Чтение онлайн

ЖАНРЫ

Повседневная жизнь импрессионистов. 1863-1883
Шрифт:

Моне спешно покинул мамашу Тутен и отправился в Париж, бросив часть своего снаряжения. К счастью, ему не пришлось оставлять в залог картины: хозяйка фермы и трактира мамаша Тутен доверяла ему. Благодаря заказам господина Годибера — гаврского любителя живописи, ставшего его настоящим спасителем, — Моне постепенно удалось расплатиться.

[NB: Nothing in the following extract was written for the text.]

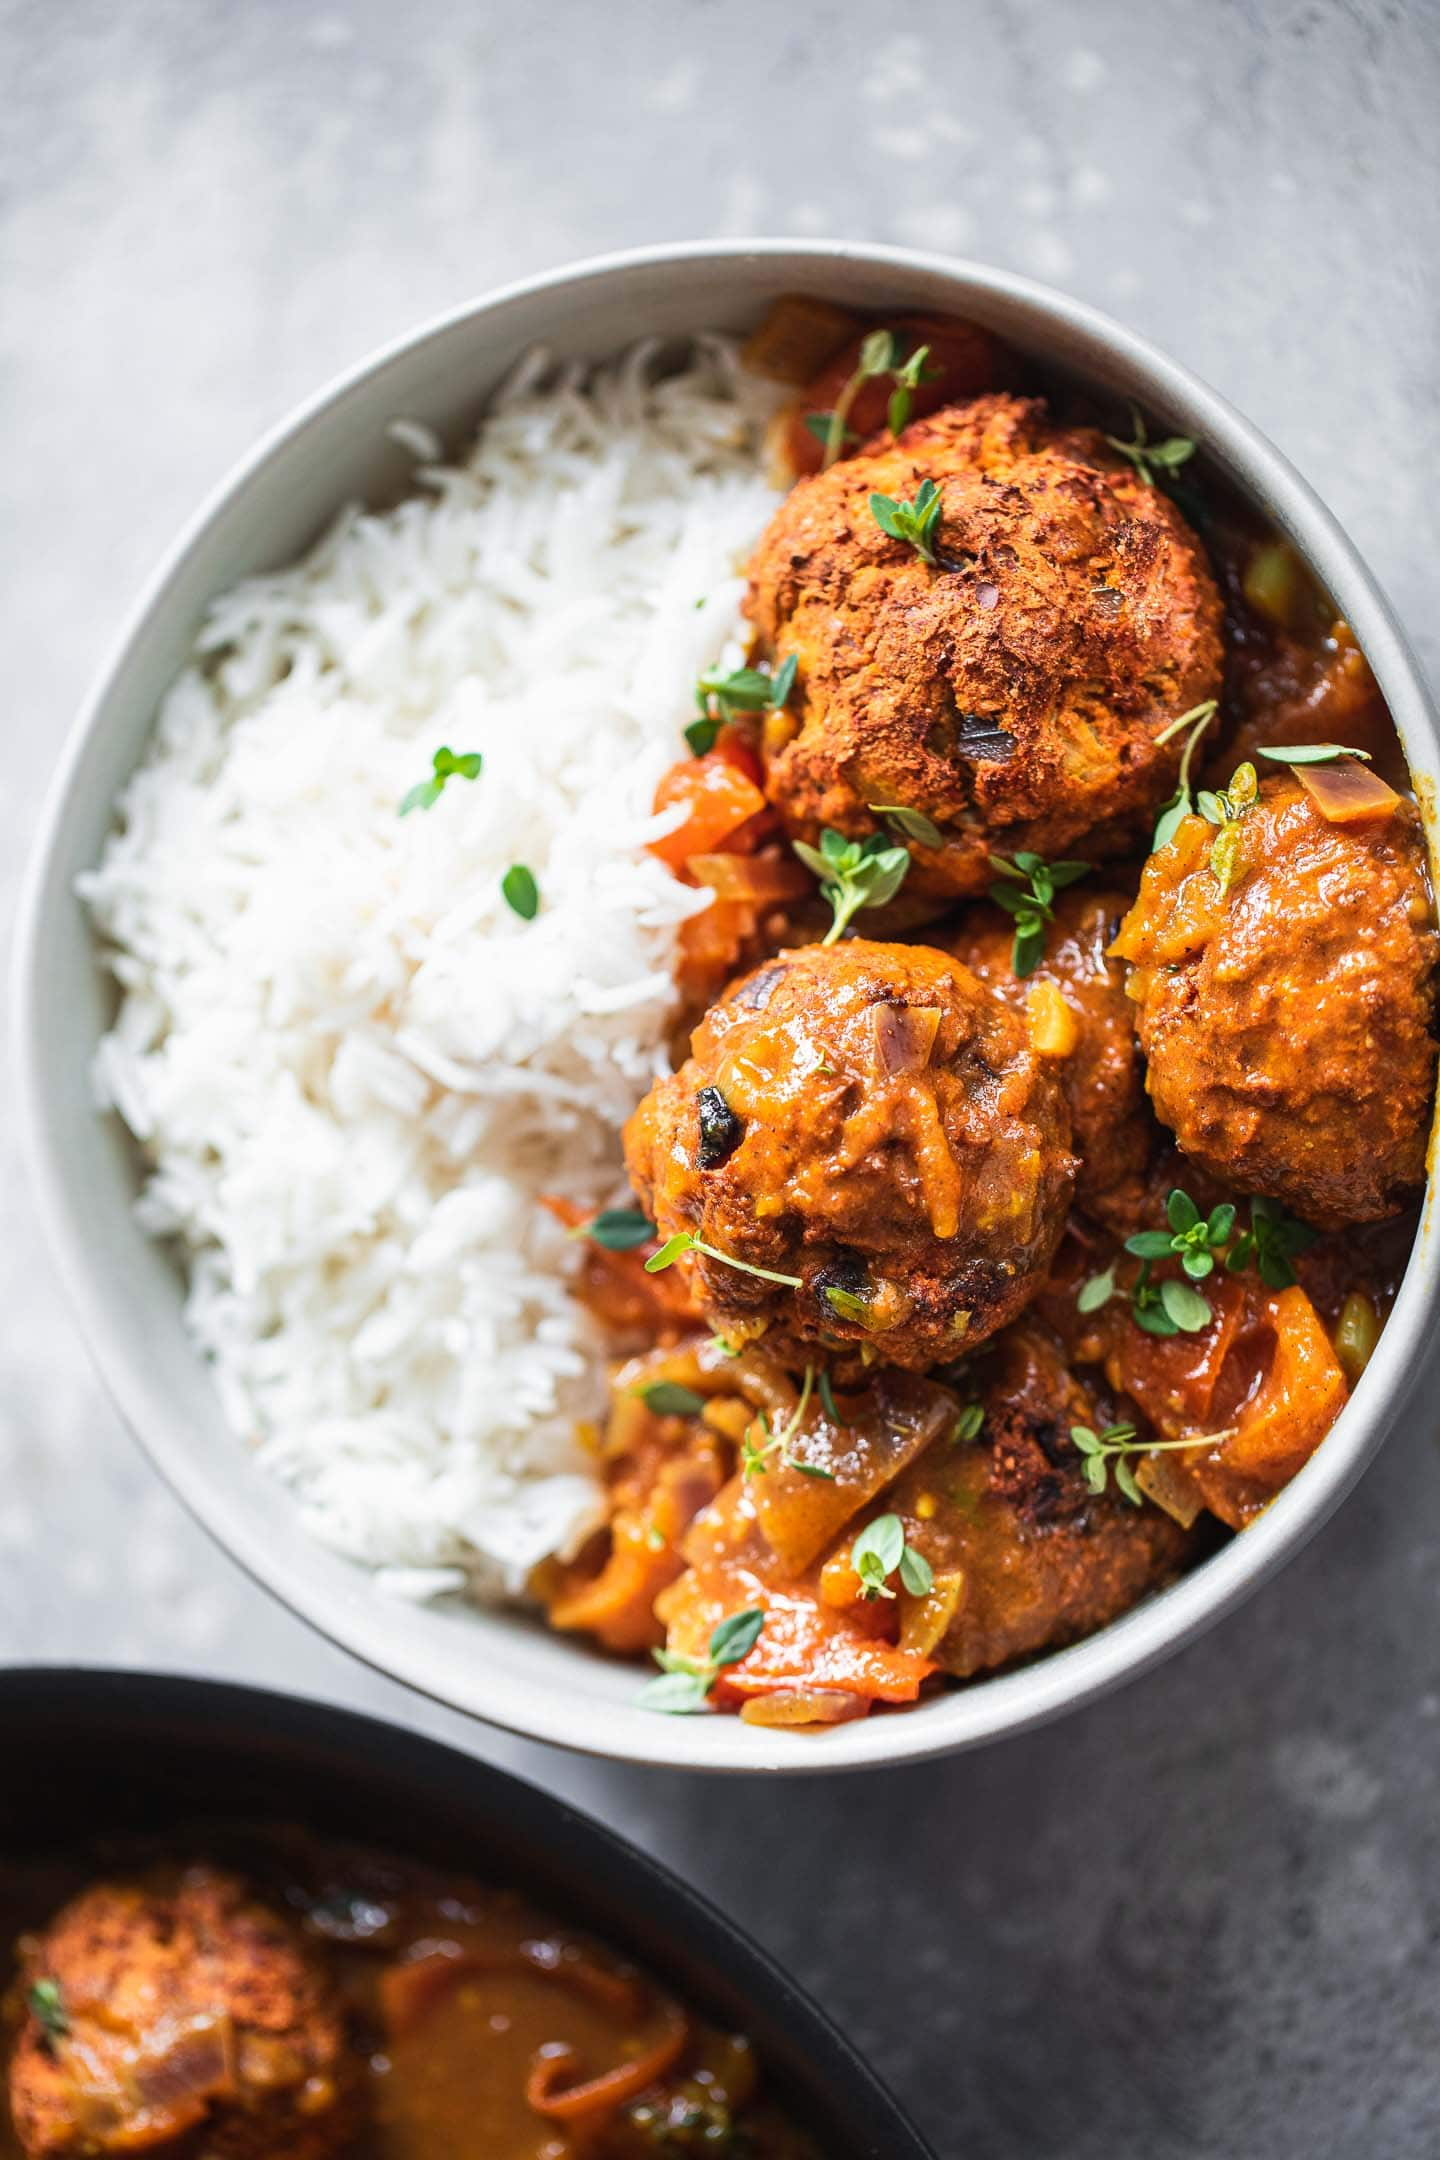 Rice and vegan meatballs
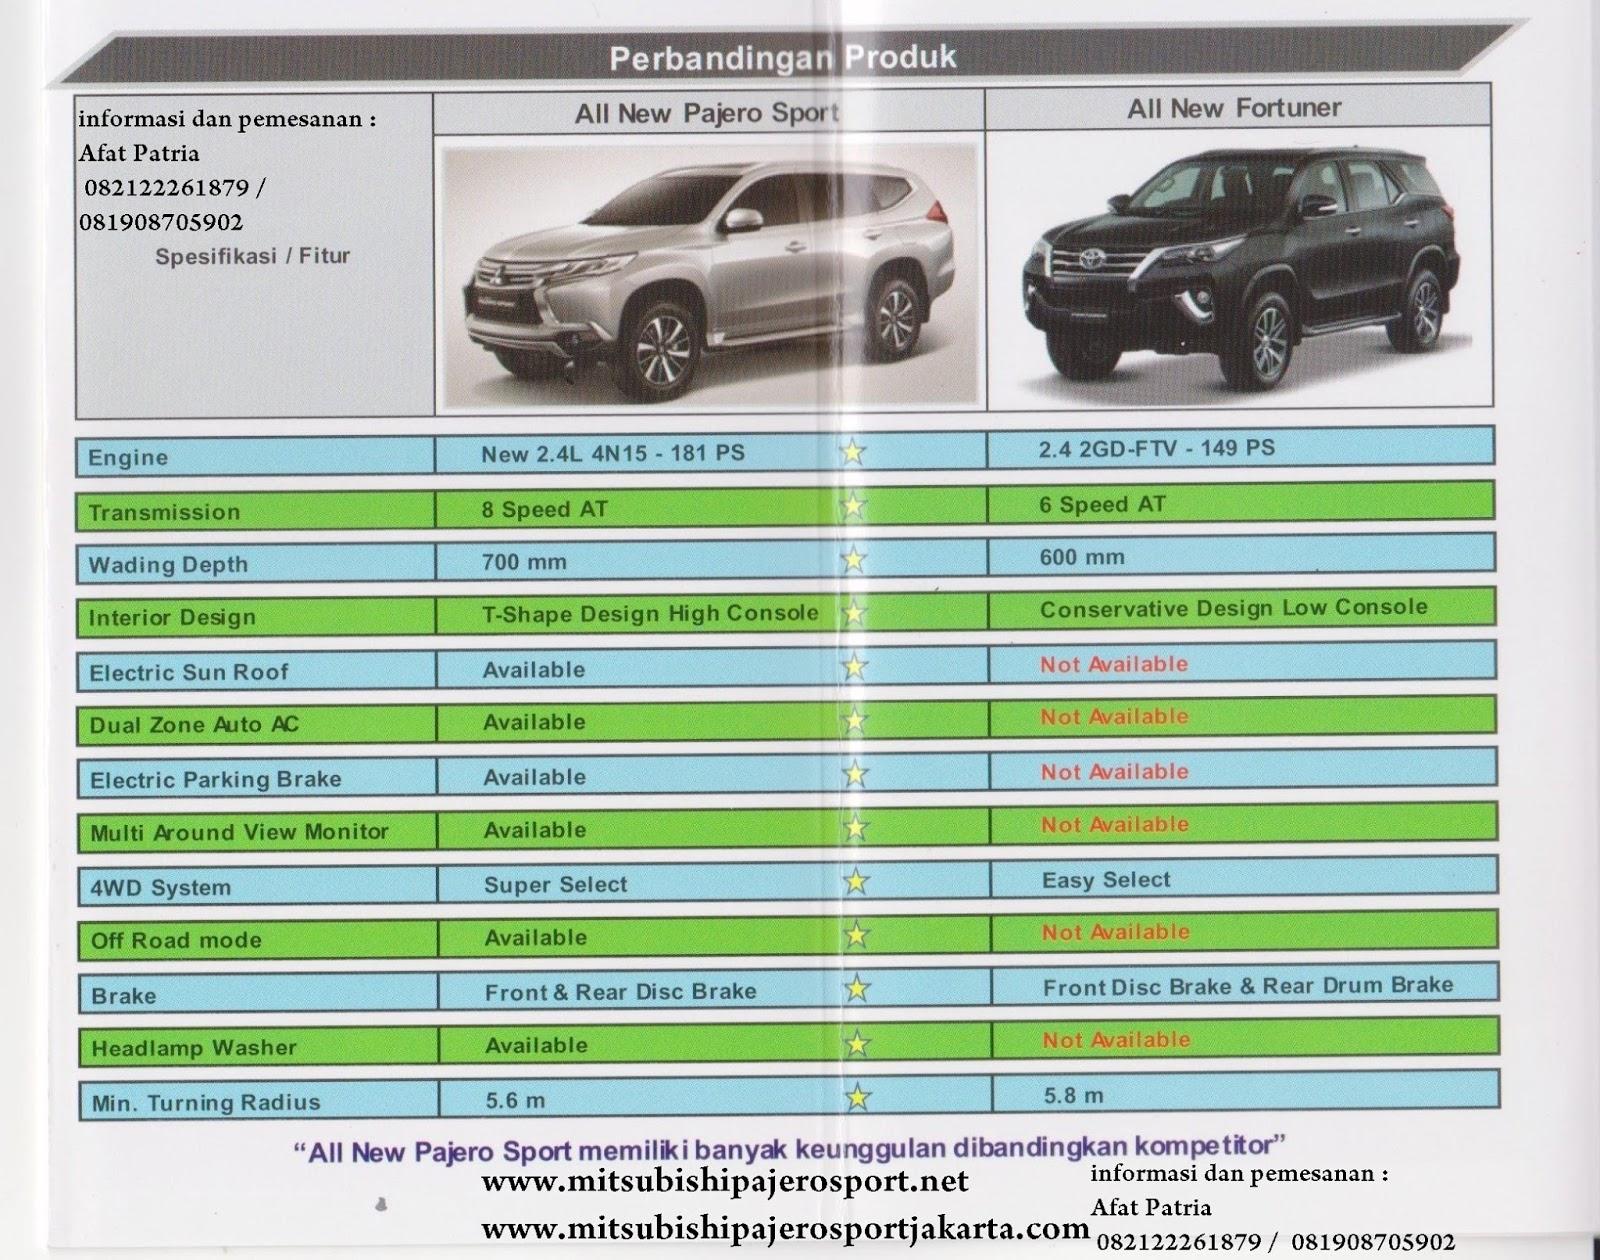 all new camry 2017 indonesia harga interior grand avanza veloz 1.5 dan spesifikasi fortuner vs pajero sport autos post

Дни, проведенные в Онфлёре и на ферме Сен-Симеон, оставили неизгладимое впечатление в душе многих художников. В последние годы жизни Буден в письме одному из своих друзей в наивно-лирических тонах описывал атмосферу тех дней: «О, Сен-Симеон! стоило бы написать целую поэму об этой гостинице. После меня там побывало столько разных людей и, в частности, художников: Франсе («сельский» живописец, бывший бухгалтер из «Ревю де дё Монд», Бодлер говорил о нем: «Это почти Коро, но менее простодушный и более хитрый»), которого я привез сюда вместе с моим старым другом поэтом Гюставом Матье… Сюда же я притащил позавтракать и выпить бутылочку сидра Тройона и Ван Марка… Я чуть было не забыл упомянуть моего ученика — Клода Моне. А сколько партий в кегли было сыграно с Диазом, прекрасным

игроком, умевшим так энергично бросить мяч, что все кегли падали сразу».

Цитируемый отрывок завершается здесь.